Standard vs. Itemized Deduction
Standard deductions are fixed amounts, while itemized deductions add together different expenses to arrive at a total deduction. Most people choose the standard deduction because it is easier. In 2025, it is $15,000 (single) and $30,000 (married jointly).
Tax Credits
Tax credits directly reduce your tax bill. For example, a $1,000 credit reduces your tax liability by the same amount. Refundable credits can also result in a refund, while non-refundable credits only reduce your tax to zero.
Common Tax Credits
These include the Earned Income Credit for low-income individuals, the Foreign Tax Credit for foreign income, the Child Tax Credit for children, the Child Care Credit for childcare expenses, the American Opportunity and Lifetime Learning Credit for education, and the Saver’s Credit for retirement savings.
Energy Credits
Tax credits can also be obtained for installing solar, wind, or energy-efficient equipment in your home.
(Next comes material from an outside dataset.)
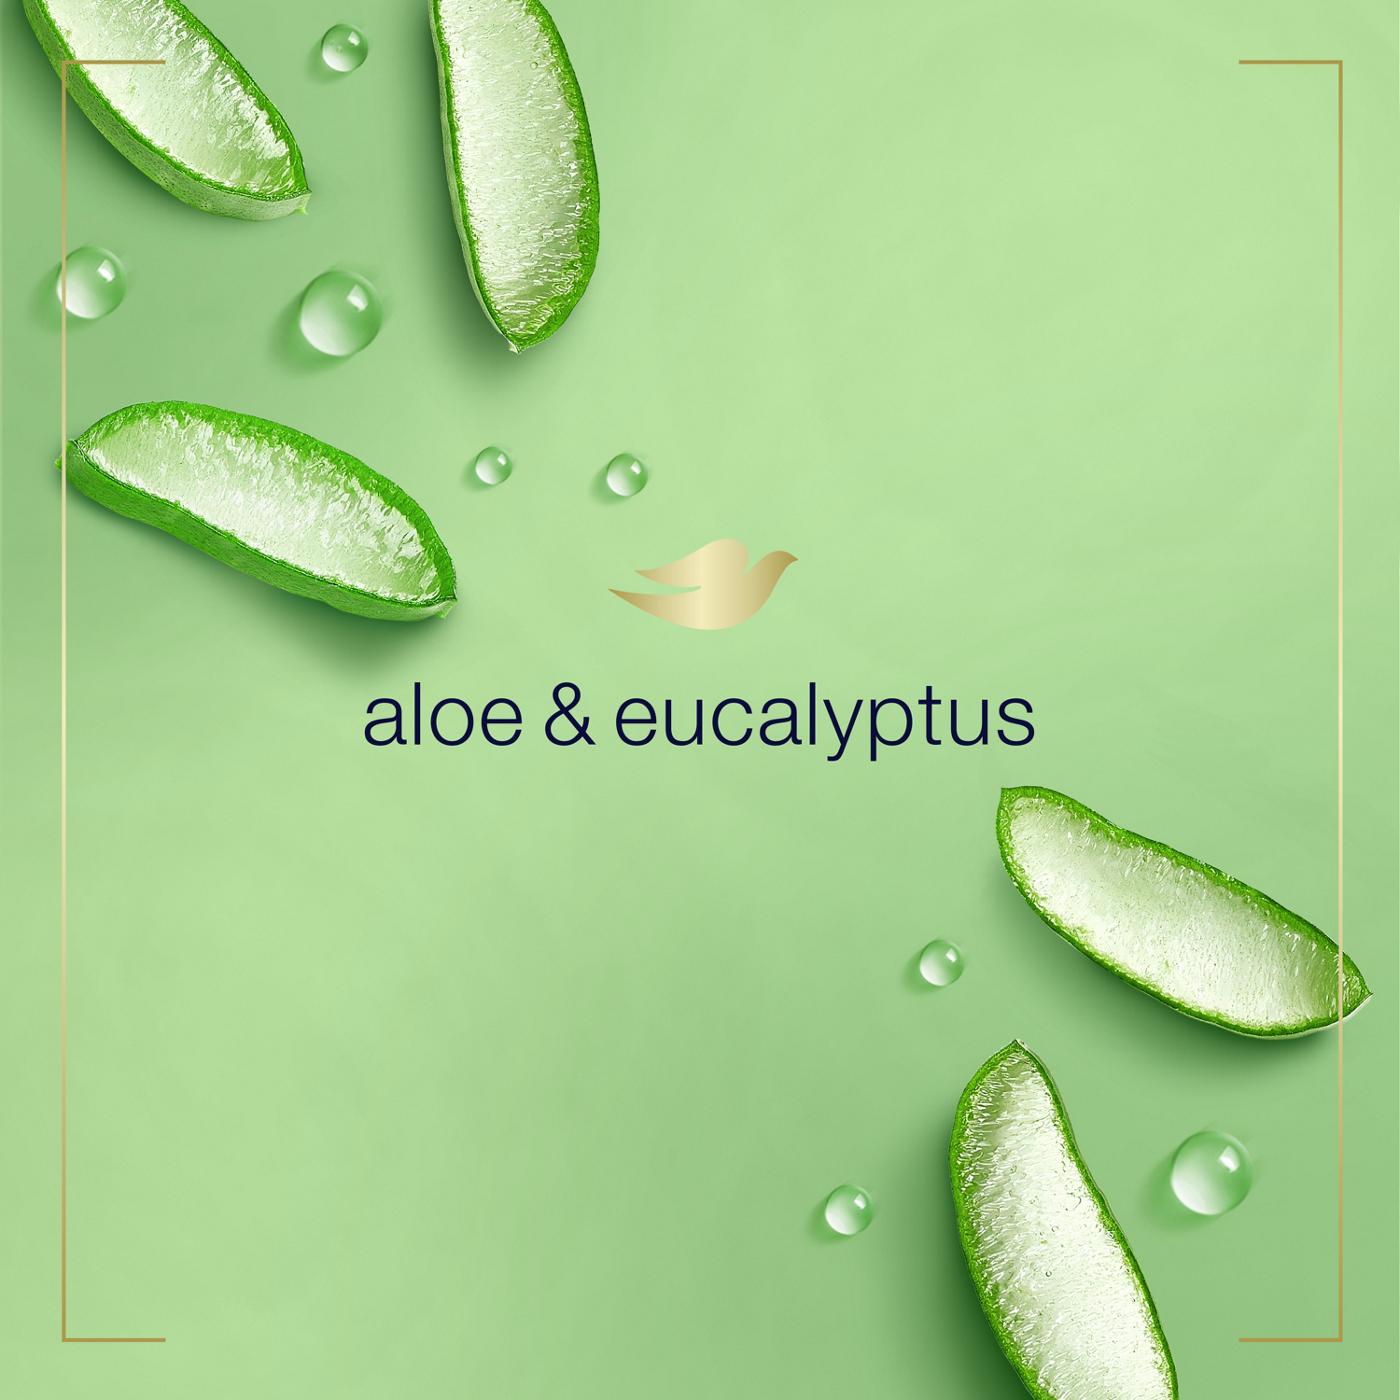 Dove Aloe & Eucalyptus Protects Skin from Dryness; image 8 of 10

Alternative Minimum Tax (AMT)
The AMT is a separate tax system that doesn’t allow for many deductions. If your income exceeds a certain threshold, you must pay the higher of the ordinary tax or the AMT. To reduce this, increasing retirement contributions and reducing certain deductions can help.
It is therefore important to understand income, deductions, credits, and rules to accurately calculate taxes.